I live in the Dallas Tx area, and I get mine at Sprouts. It's a grocery store that sells many spices and such in bulk (you bag your own from large bins) and they usually have some. When they're out though, I go to Walmart and get the small jar (roughly 6 or so ounces). It's usually on the bottom shelf below the mason jars (for canning). Hope you find some!


----------



## Seawolfe

Home brew shops for beer and wine should have it.


----------



## Susie

Walmart has it in two places- over in housewares with the canning jars, and in foods with the baking stuff.


----------



## Spicey477

I got it through Amazon prime free shipping if you have prime.


----------



## SomethingGoodAustin

I generally order online, but then again, I am lucky enough to live near a supplier who allows local pickup.  In a pinch, I have found citric acid at a homebrew supplies store here in Austin and at my local Central Market (upscale grocery store).  Good to know it's at Sprouts, too.  Definitely wouldn't have thought of looking at Wal-Mart... but they have everything anyway, so why not?


----------



## Mrs.Larios

I buy mine from Walmart I live in California


----------



## Belinda02

5 pounds from amazon. Price was very reasonable much better than wally


----------



## Jencat

Good to know I can get it at Sprouts or Central Market if I need some.  I seem to remember finding some at HEB, but it was kind of pricey for a small package.  I ordered a large package online for a much better price, even with shipping.  I think it was from Essential Depot.


----------



## Dorymae

Look where ever you can buy canning supplies.  Even Walmart has it, although in very small (7oz) amounts.


----------



## littlemaggiesmuse

BitterCreek South in Houston


----------



## cmzaha

I get mine from my chemical house where I purchase my lye


----------



## Richard222

soaplink said:


> Has anyone found powdered citric acid in your local grocery, or hardware store?
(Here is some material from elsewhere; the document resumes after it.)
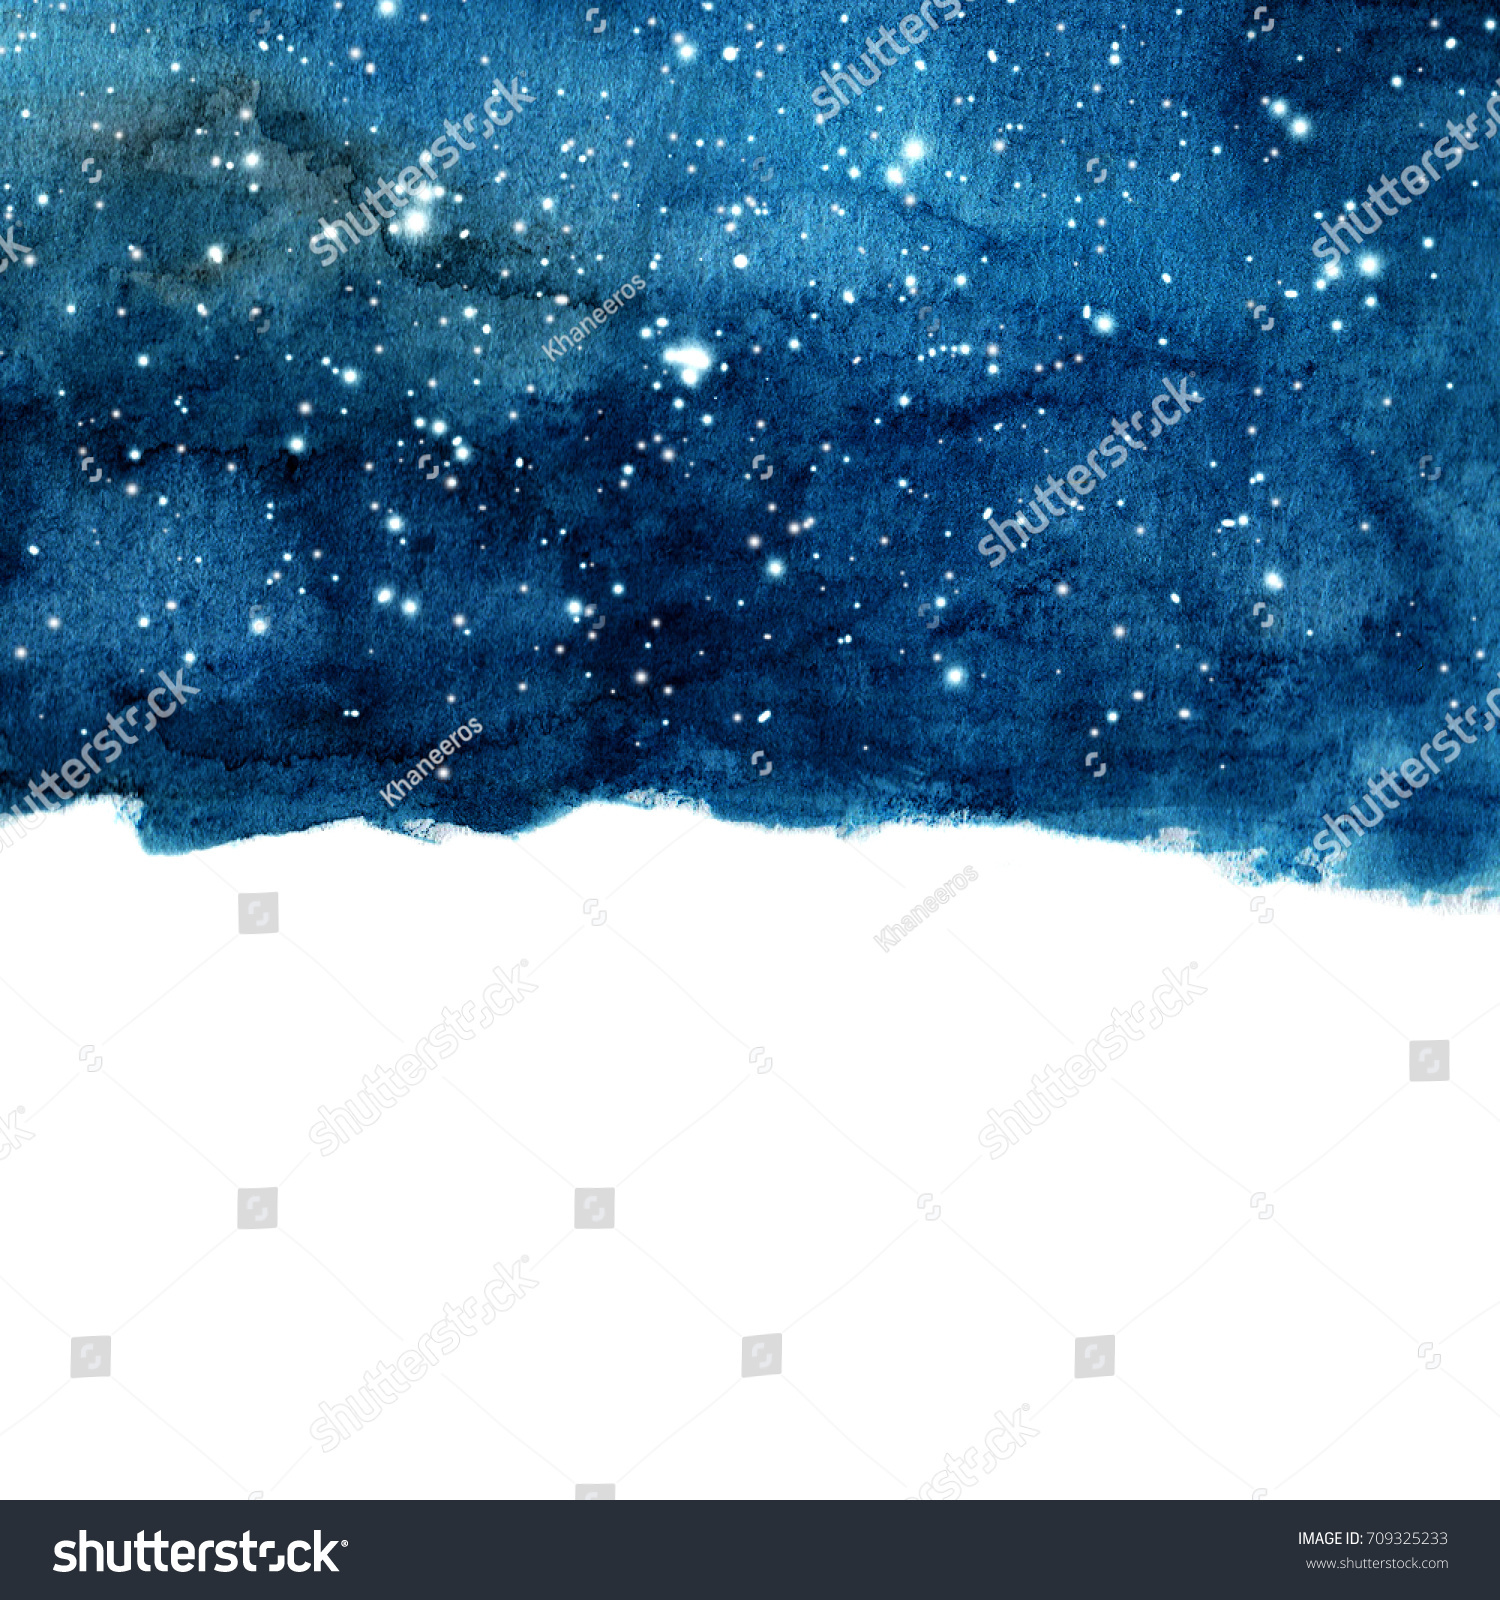 星の付いた水彩の夜空の背景 テキスト用のスペースを持つ宇宙レイアウト のイラスト素材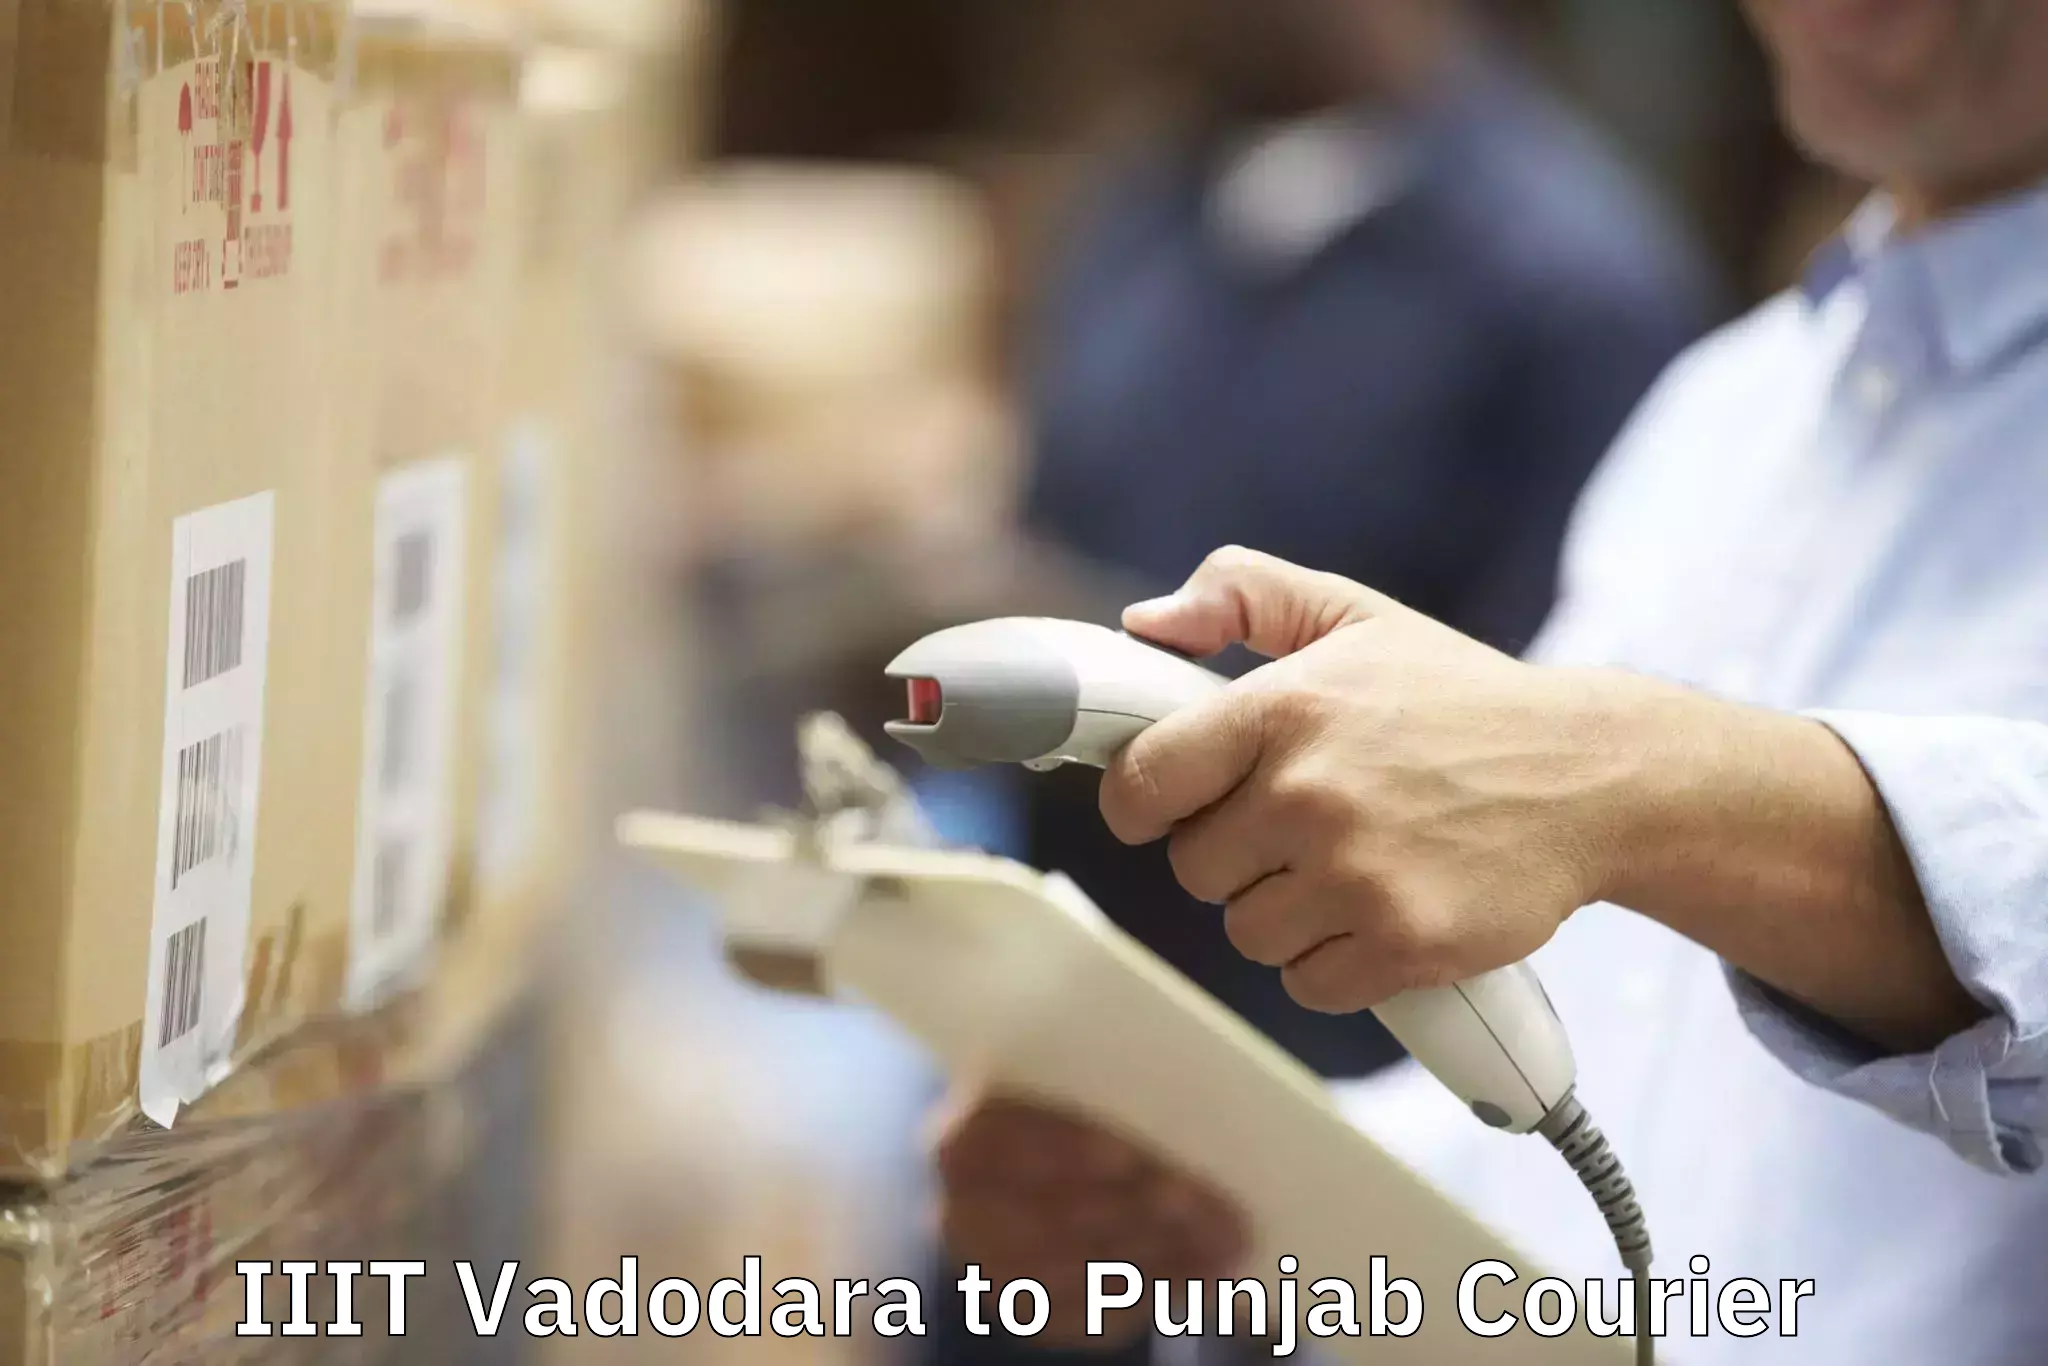 Moving and packing experts IIIT Vadodara to Punjab

Hate to have to pay shipping if I can buy local.  Example; Lowes, Home Depot, etc. ?  I am in Maine.


How can you be so lazy?


----------



## DeeAnna

@Richard222 -- Are you having a bad day? 

Please introduce yourself on the Introductions forum and tell us a little about yourself there.


----------



## shunt2011

Richard222 said:


> How can you be so lazy?


Probably a good thing the OP has t been jere in 7 years to see your rude response.  Please read the rule sticky’s fro the forum.  Thank you!


----------



## Relle

Richard222 said:


> How can you be so lazy?


How can you be so rude ? especially for your first post.


----------



## CathyB

If you have a hobby beer brewers supply in your area, they will have it.


----------



## Dan9250

You may also try Amazon for Citric Acid.  
https://www.amazon.com/Spicy-World-Citric-5-Pound-NON-GMO/dp/B000OZFECU


----------



## shunt2011

The poster who asked the question hasn’t been here in 7 years. There are many suppliers of Citric Acid.


----------